I want to parse something like the following:

1;2
=1200
3;4
5;6

lines can appear in any order. Lines starting with the = sign can be more than one and only the last one matters; lines containing a ; represent a pair of values that I want to store in a map. Reading the answer to this question I came up with some code that should be good enough (sorry but I'm still a noob with Spirit) and should do what I'm trying to achieve. Here's the code:

#define BOOST_SPIRIT_USE_PHOENIX_V3
#define DATAPAIR_PAIR

#include <iostream>
#include <boost/spirit/include/qi.hpp>
#include <boost/fusion/adapted/std_pair.hpp>
#include <boost/mpl/bool.hpp>
#include <map>
#if !defined(DATAPAIR_PAIR)
#include <vector>
#endif


static const char g_data[] = "1;2\n=1200\n3;4\n5;6\n";
typedef std::string DataTypeFirst;

#if defined(DATAPAIR_PAIR)
typedef std::string DataTypeSecond;
typedef std::pair<DataTypeFirst, DataTypeSecond> DataPair;
typedef std::map<DataTypeFirst, DataTypeSecond> DataMap;
#else
typedef std::vector<DataTypeFirst> DataPair;
typedef std::map<DataTypeFirst, DataTypeFirst> DataMap;
#endif

struct MyContainer {
    DataMap data;
    double number;
};

namespace boost { namespace spirit { namespace traits {
    template<> struct is_container<MyContainer> : boost::mpl::true_ {};

    template<>
    struct container_value<MyContainer> {
        typedef boost::variant<double, DataPair> type;
    };

    template <>
    struct push_back_container<MyContainer, double> {
        static bool call ( MyContainer& parContainer, double parValue ) {
            parContainer.number = parValue;
            return true;
        }
    };

    template <>
    struct push_back_container<MyContainer, DataPair> {
        static bool call ( MyContainer& parContainer, const DataPair& parValue ) {
#if defined(DATAPAIR_PAIR)
            parContainer.data[parValue.first] = parValue.second;
#else
            parContainer.data[parValue[0]] = parValue[1];
#endif
            return true;
        }
    };
} } }

template <typename Iterator>
struct TestGrammar : boost::spirit::qi::grammar<Iterator, MyContainer()> {

    TestGrammar ( void );
    boost::spirit::qi::rule<Iterator, MyContainer()> start;
    boost::spirit::qi::rule<Iterator, DataPair()> data;
    boost::spirit::qi::rule<Iterator, double()> num;
};

template <typename Iterator>
TestGrammar<Iterator>::TestGrammar() :
    TestGrammar::base_type(start)
{
    using boost::spirit::qi::alnum;
    using boost::spirit::qi::lit;
    using boost::spirit::ascii::char_;;
    using boost::spirit::qi::double_;
    using boost::spirit::qi::eol;
    using boost::spirit::qi::eoi;

    start %= *((num | data) >> (eol | eoi));
    data = +alnum >> lit(";") >> +alnum;
    num = '=' >> double_;
}

int main() {
    std::cout << "Parsing data:\n" << g_data << "\n";

    TestGrammar<const char*> gramm;
    MyContainer result;
    boost::spirit::qi::parse(static_cast<const char*>(g_data),
        g_data + sizeof(g_data) / sizeof(g_data[0]) - 1,
        gramm,
        result
    );
    std::cout << "Parsed data:\n";
    std::cout << "Result: " << result.number << "\n";
    for (const auto& p : result.data) {
        std::cout << p.first << " = " << p.second << '\n';
    }

    return 0;
}

I'm developing this on Gentoo Linux, using dev-libs/boost-1.55.0-r2:0/1.55.0 and gcc (Gentoo 4.8.3 p1.1, pie-0.5.9) 4.8.3. Compiling the above code I get an error like

/usr/include/boost/spirit/home/support/container.hpp:278:13: error: ‘struct MyContainer’ has no member named ‘insert’
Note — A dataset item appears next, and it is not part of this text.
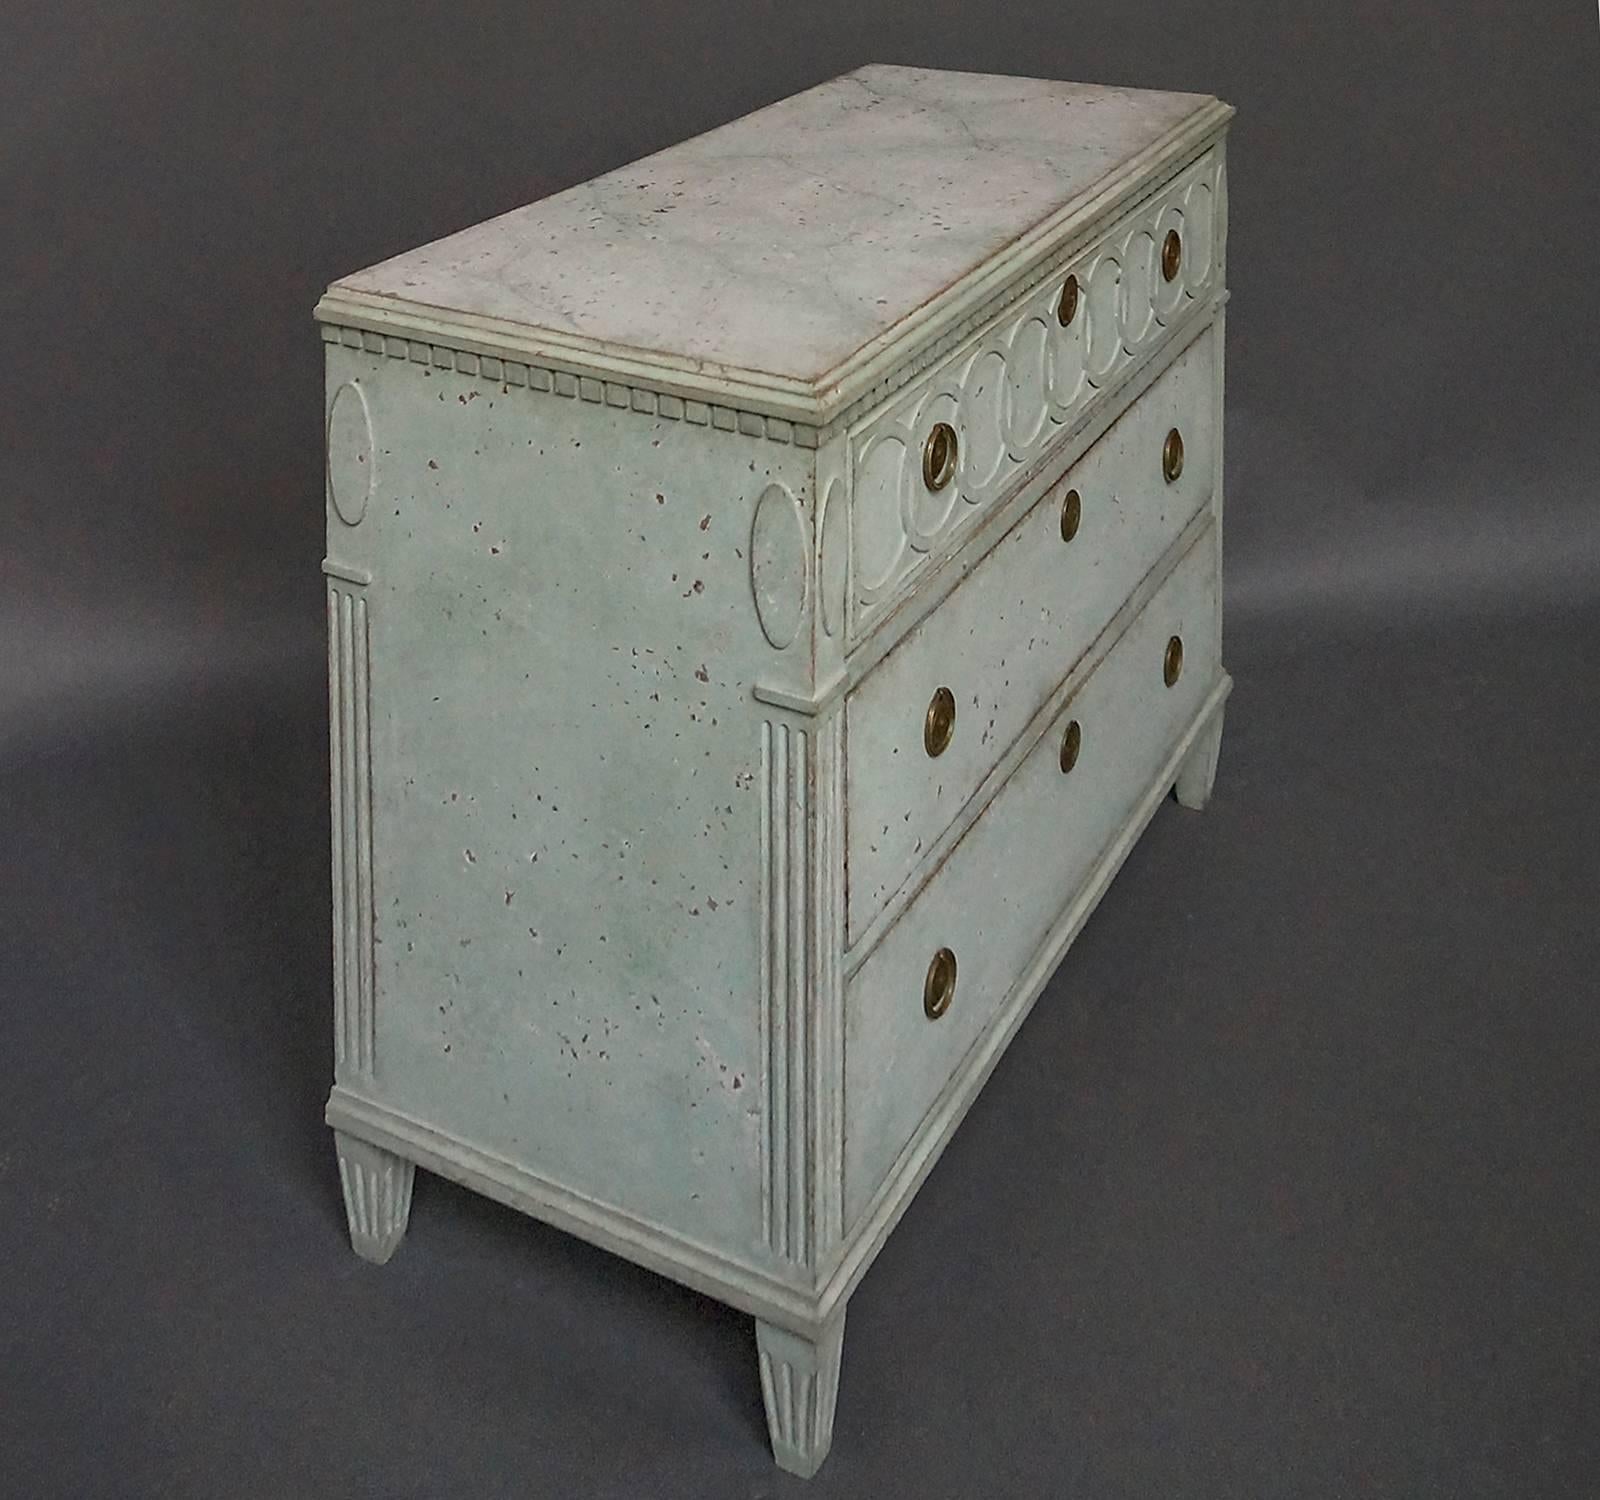 Swedish chest of drawers, circa 1860, in pale green paint with faux marble top. A frieze of interlocking rings on the front of the top drawer, dentil molding around the top, and reeded corner posts with raised ovals at the top. Tapering square legs

as a workaround, I came up with the alternative code you get by commenting the "#define DATAPAIR_PAIR" line. In that case the code compiles and works, but what I really want is a pair where I can for example mix std::string and int values. Why using std::pair as the attribute for my data rule causes the compiler to miss the correct specialization of push_back_container? Is it possible to fix the code and have it working, either using std::pair or anything equivalent?

Community
  • 1
  • 1
King_DuckZ
  • 238
  • 1
  • 6
  • [This](http://coliru.stacked-crooked.com/a/81459094d3aed670) works, but is far from pretty. The only addition is marked with a `//ADDED`. Sadly I don't know why it is needed in your case and not in the example linked or your workaround. – llonesmiz Nov 23 '14 at 20:12
  • @cv_and_he what a timing – sehe Nov 23 '14 at 20:15
  • @cv_and_he that's a pretty strange requirement (actually, it makes sense, but it's strange in the sense that it isn't always required). Nice work though. I couldn't get it to work, so cheated by looking at your solution :) – sehe Nov 23 '14 at 20:27

1 Answers1

1

I'd simplify this by /just/ not treating things like a container and not-a-container at the same time. So for this particular situation I might deviate from my usual mantra (avoid semantic actions) and use them¹:

Live On Coliru

template <typename It, typename Skipper = qi::blank_type>
struct grammar : qi::grammar<It, MyContainer(), Skipper> {
    grammar() : grammar::base_type(start) {
        update_number = '=' > qi::double_ [ qi::_r1 = qi::_1 ];
        map_entry     = qi::int_ > ';' > qi::int_;

        auto number = phx::bind(&MyContainer::number, qi::_val);
        auto data   = phx::bind(&MyContainer::data, qi::_val);

        start         = *(
            (   update_number(number) 
              | map_entry [ phx::insert(data, phx::end(data), qi::_1) ]
            )
            >> qi::eol);
    }

  private:
    qi::rule<It, void(double&),       Skipper> update_number;
    qi::rule<It, MyContainer::Pair(), Skipper> map_entry;
    qi::rule<It, MyContainer(),       Skipper> start;
};

If you can afford a (0;0) entry in your map, you can even dispense with the grammar:

Live On Coliru

std::map<int, int> data;
double number;

bool ok = qi::phrase_parse(f, l, 
       *(
            (qi::omit['=' > qi::double_ [phx::ref(number)=qi::_1]] 
          | (qi::int_ > ';' > qi::int_)
        ) >> qi::eol)
        , qi::blank, data);

I can try to make your "advanced spirit" approach work too, but it might take a while :)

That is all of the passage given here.